§ Task instructions
Each line below is to be repeated exactly; any picture is to be left out.

§ Information provided

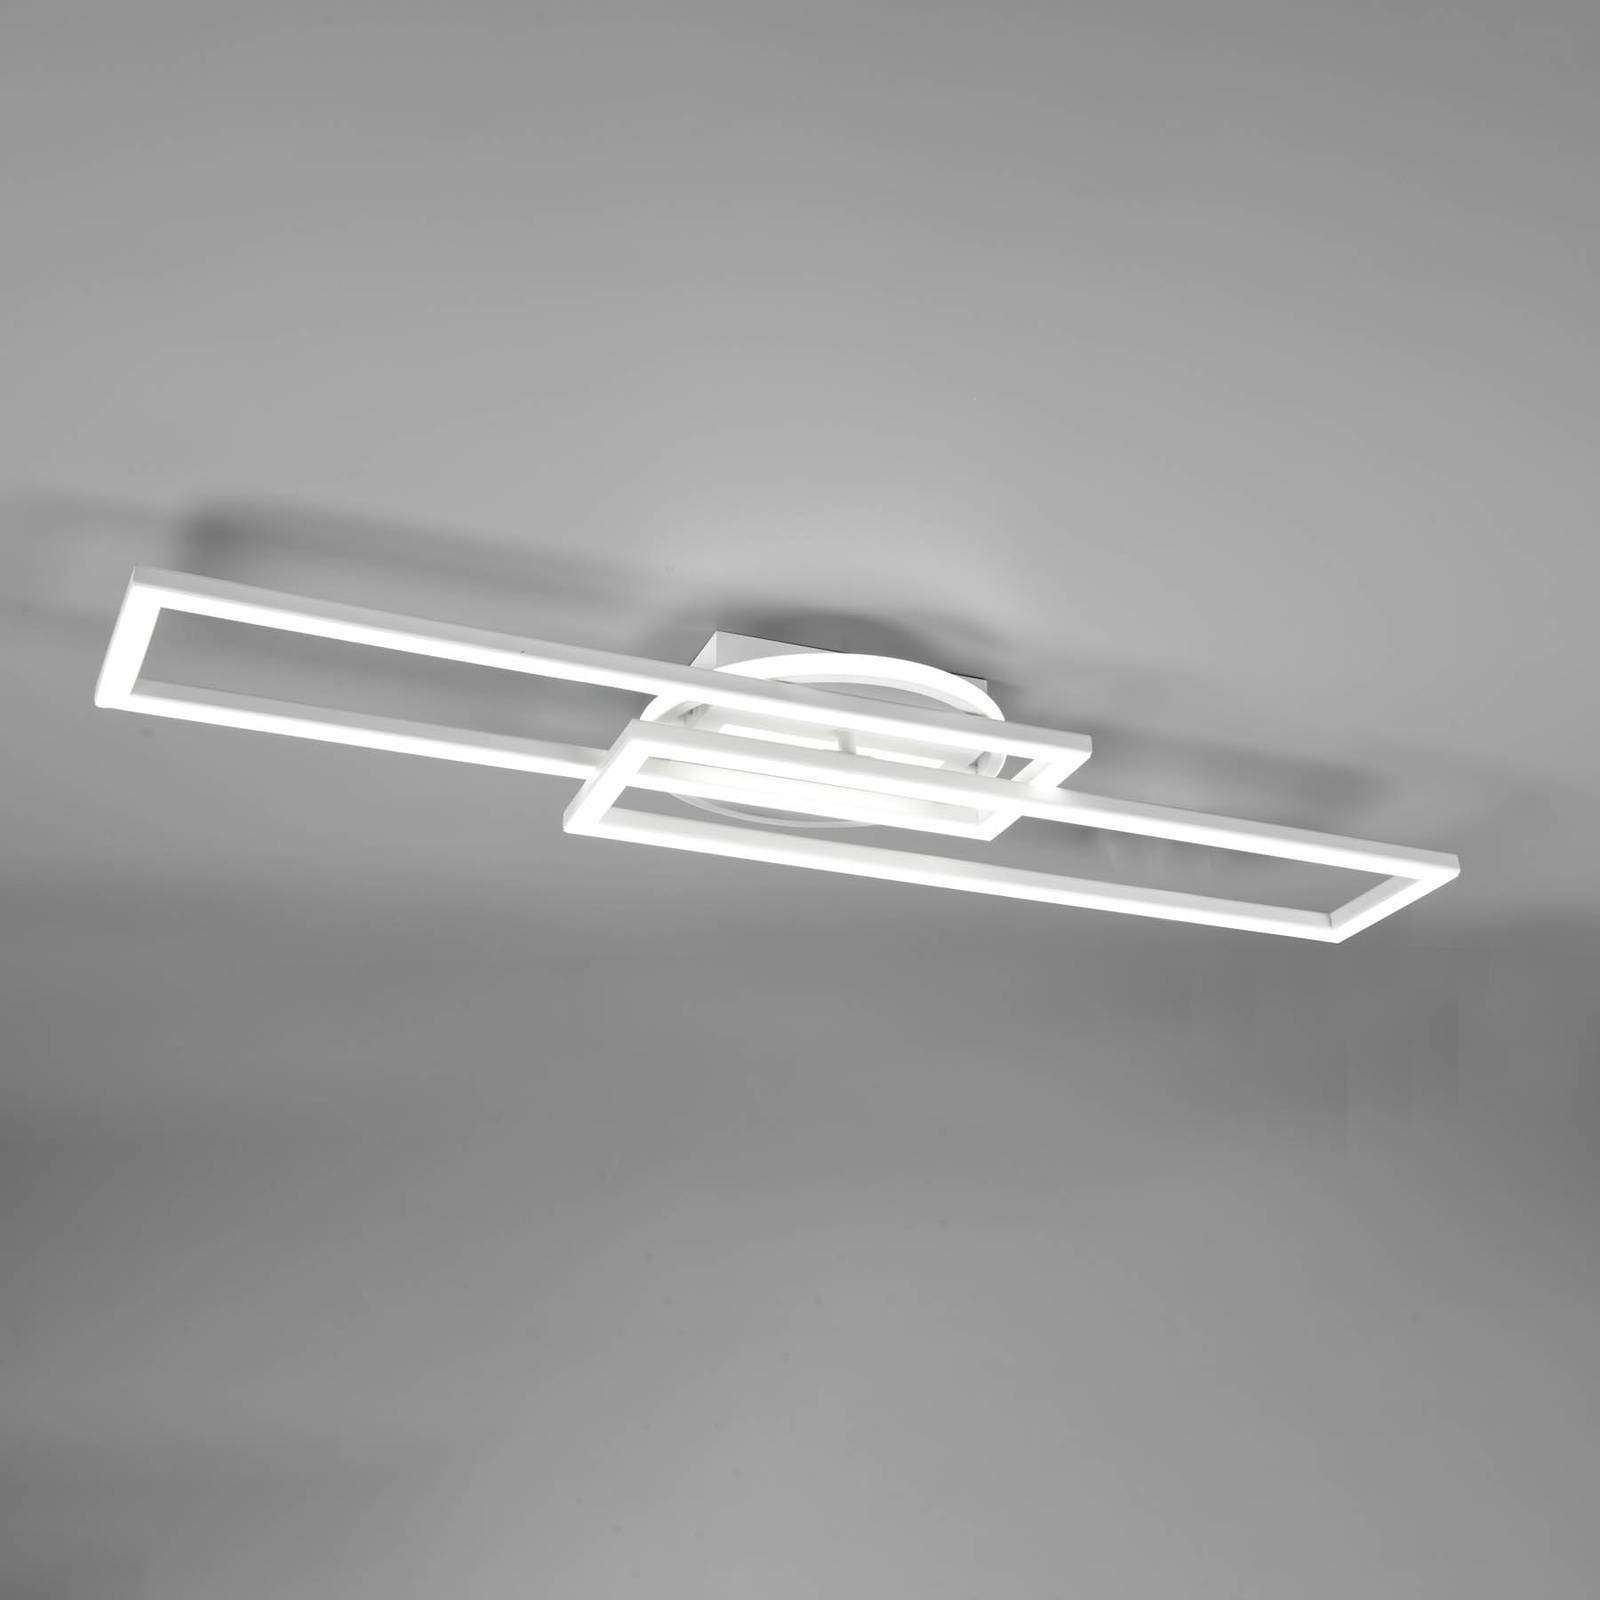 Image of Reality Leuchten Plafonnier LED Twister, pivotant, Remote, blanc 4017807540529
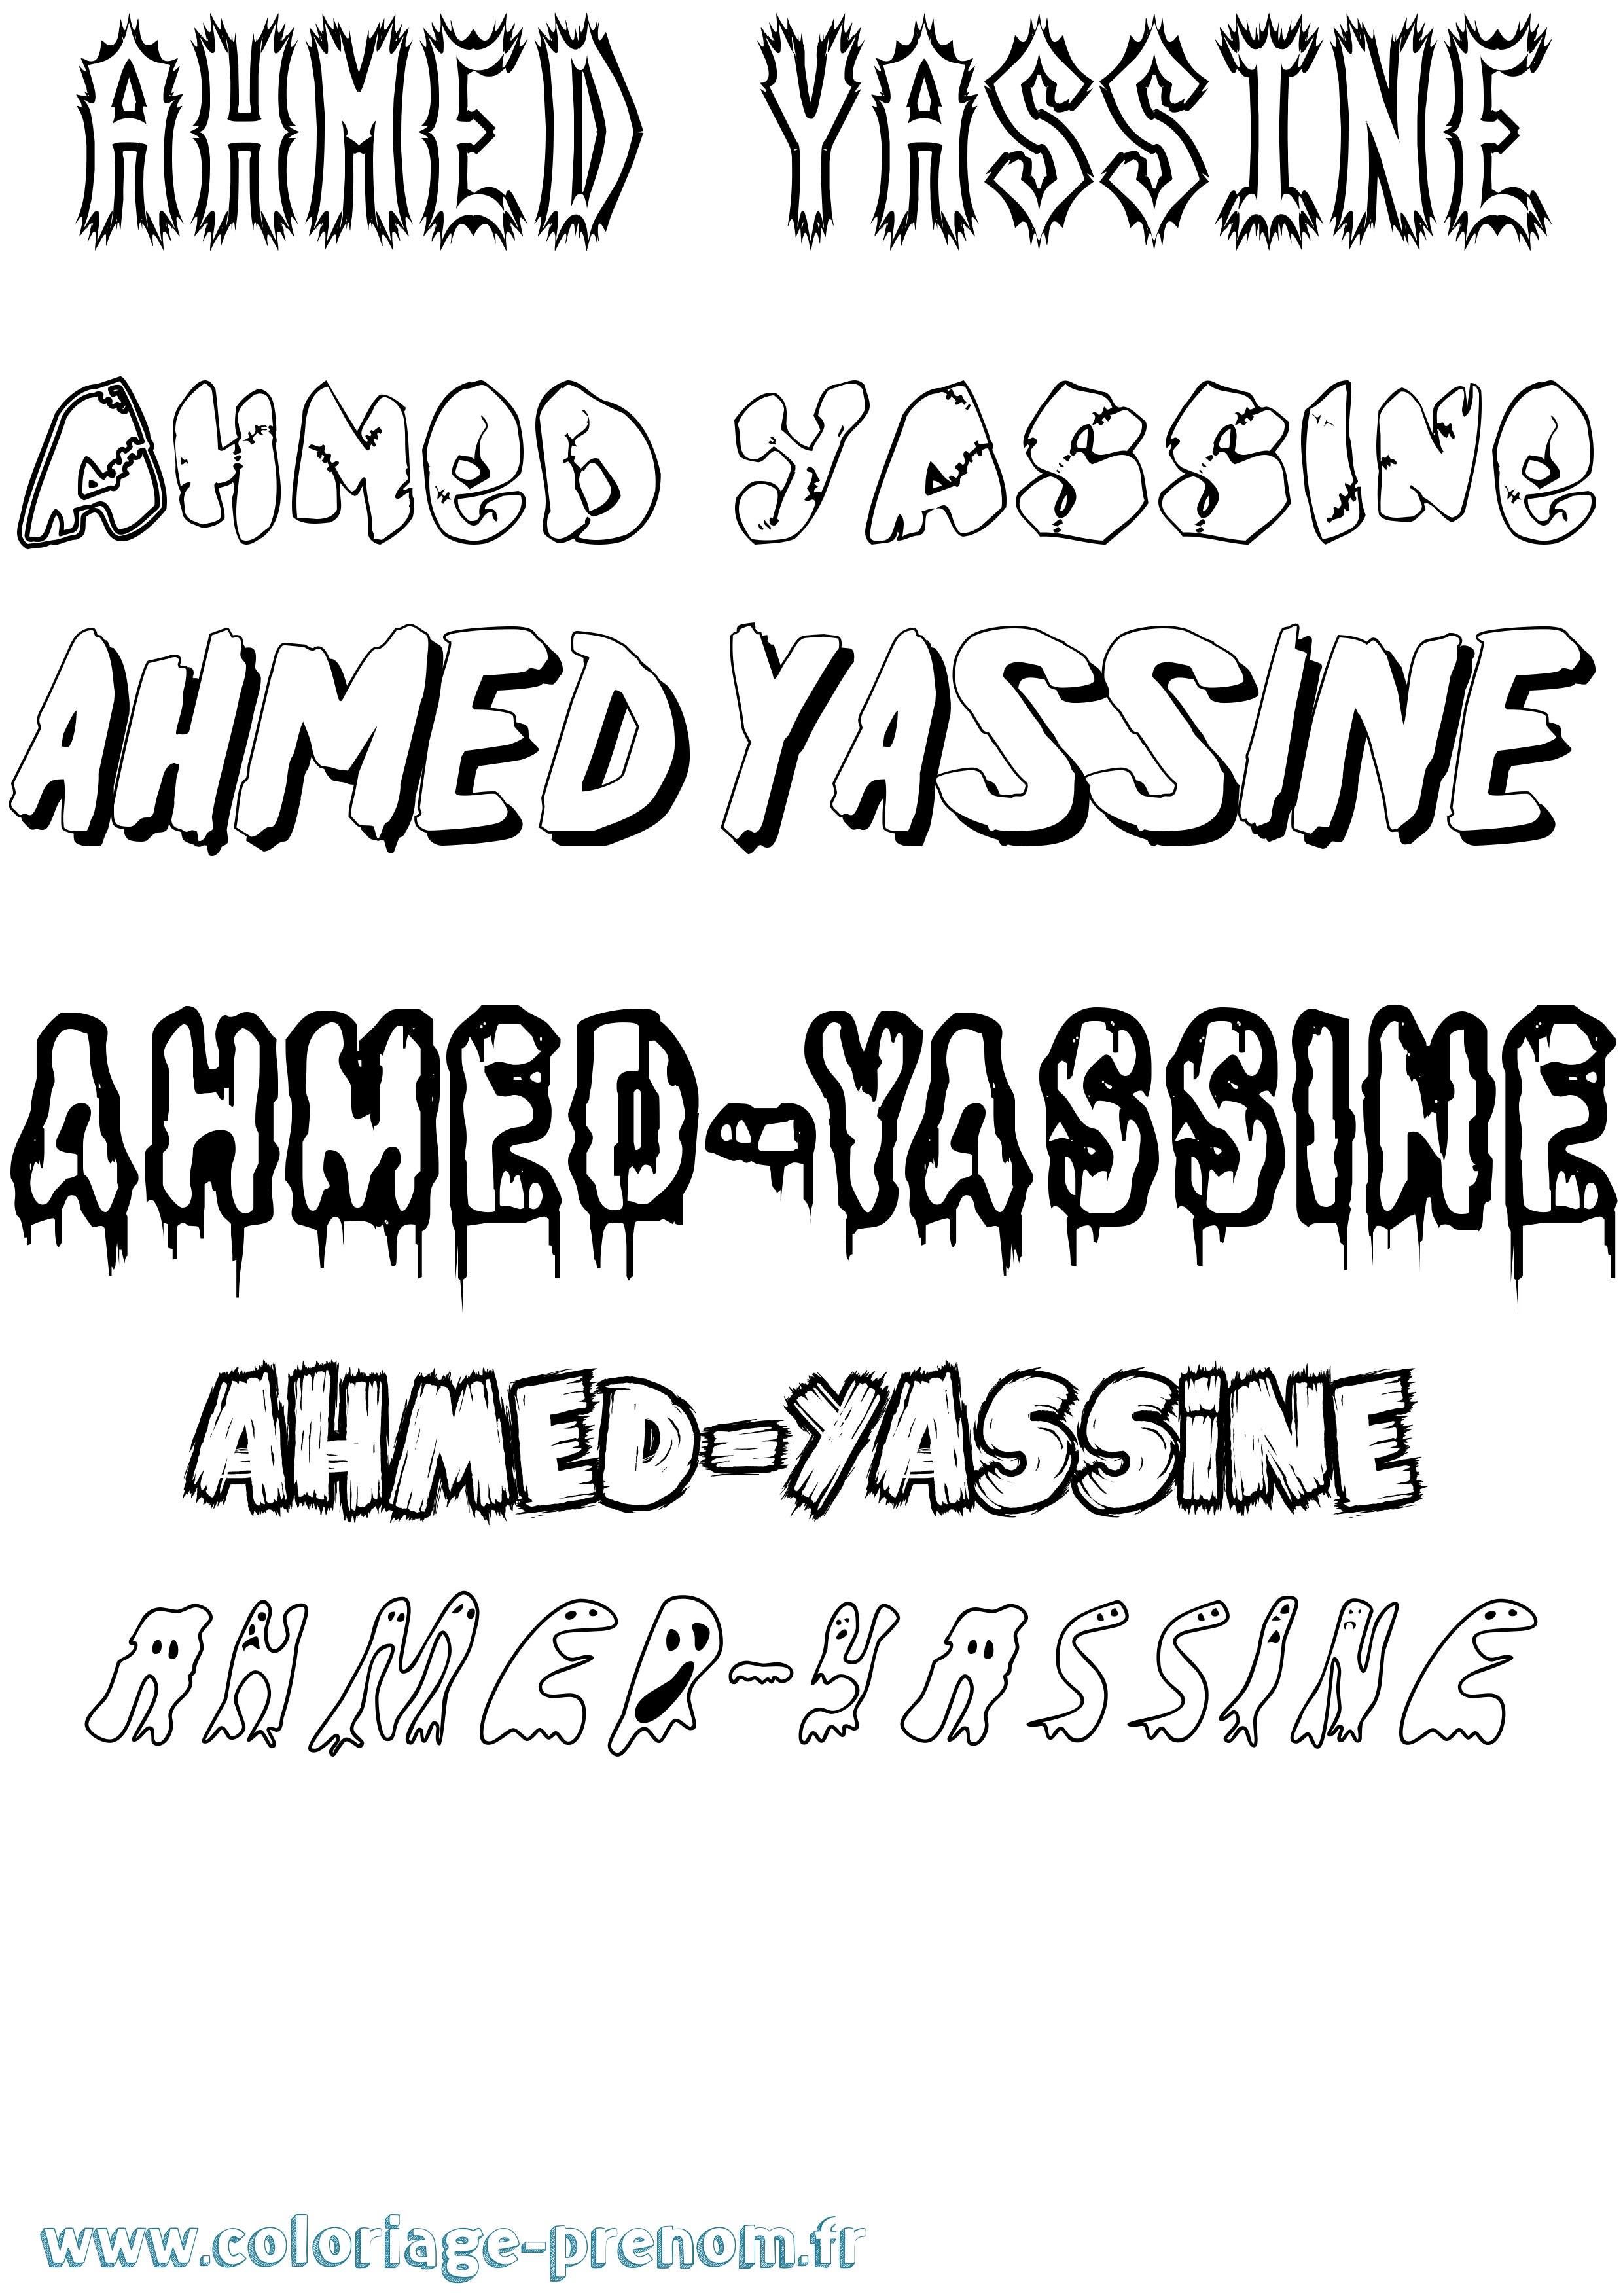 Coloriage prénom Ahmed-Yassine Frisson
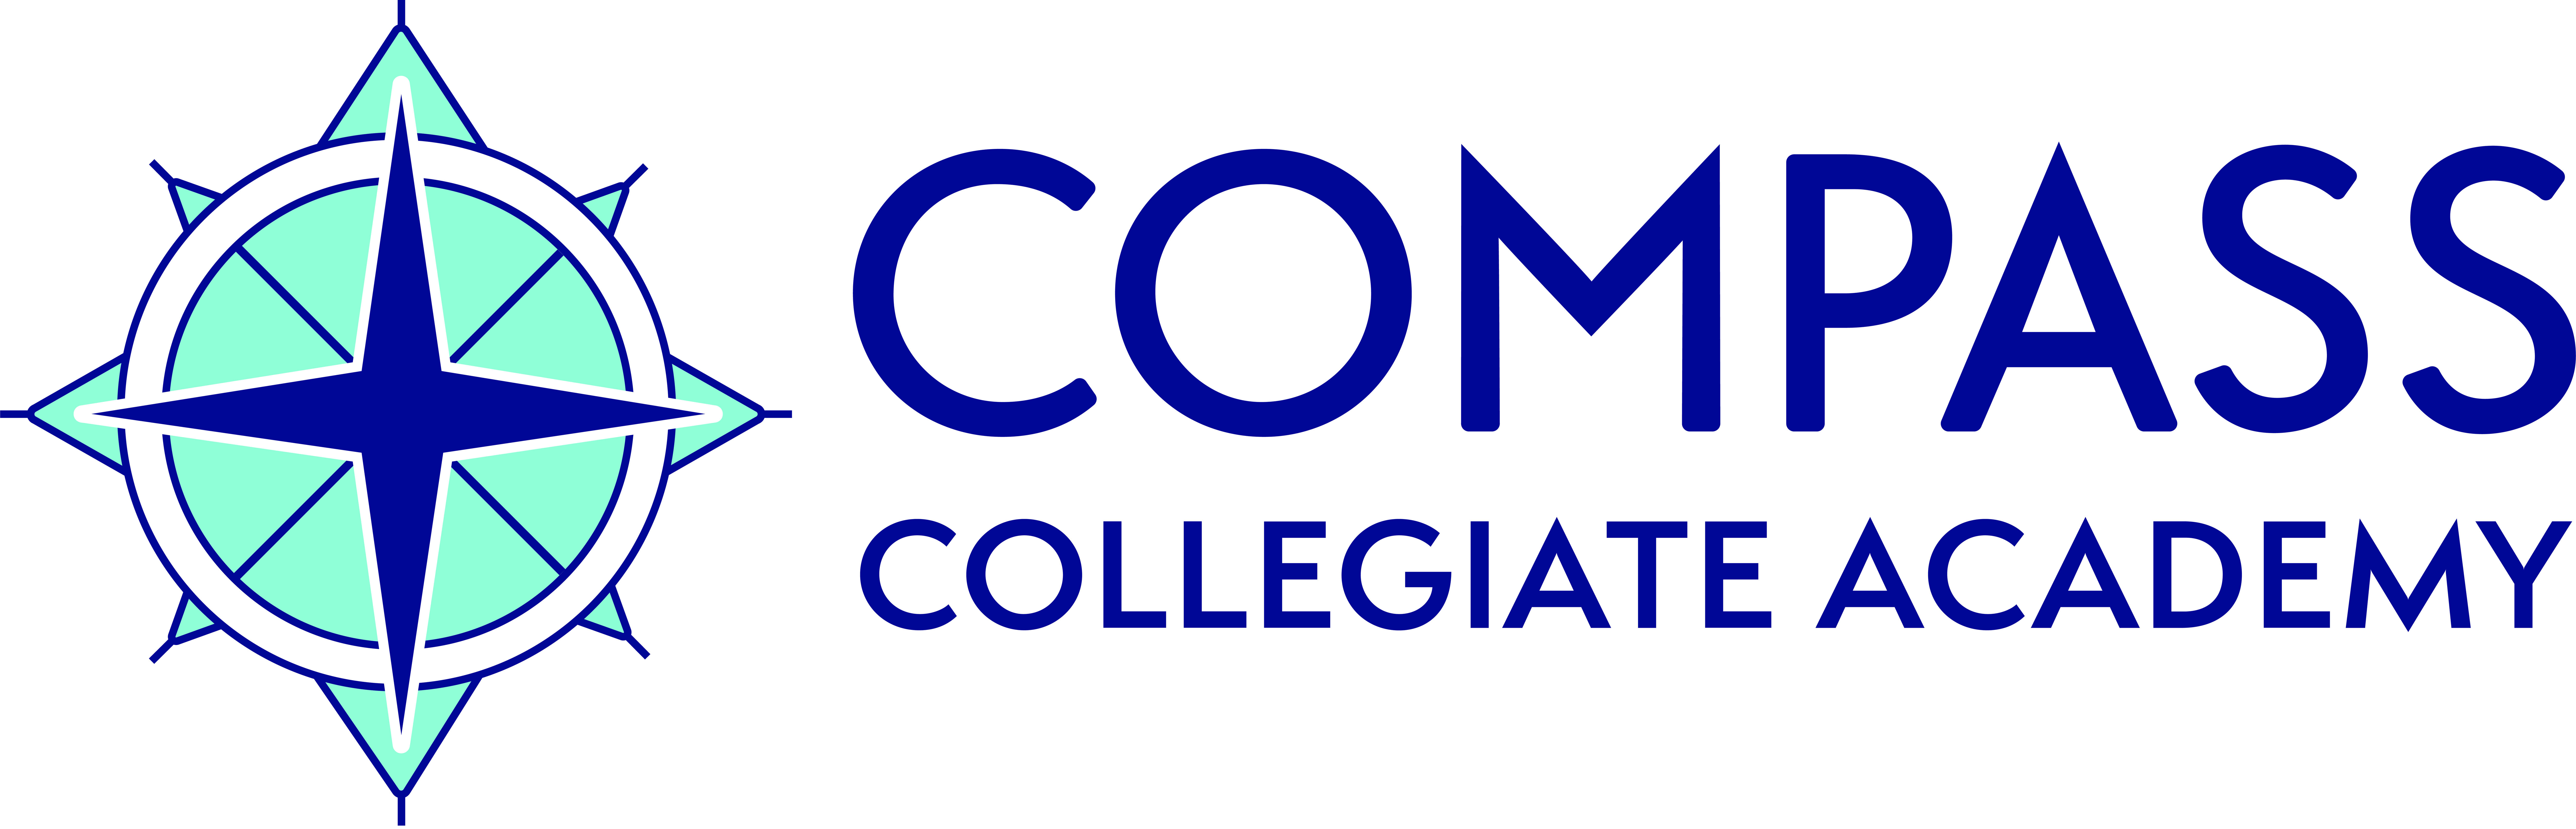 Compass Collegiate Academy

§ Your response
 Image of Reality Leuchten Plafonnier LED Twister, pivotant, Remote, blanc 4017807540529
 Coloriage prénom Ahmed-Yassine Frisson
 Compass Collegiate Academy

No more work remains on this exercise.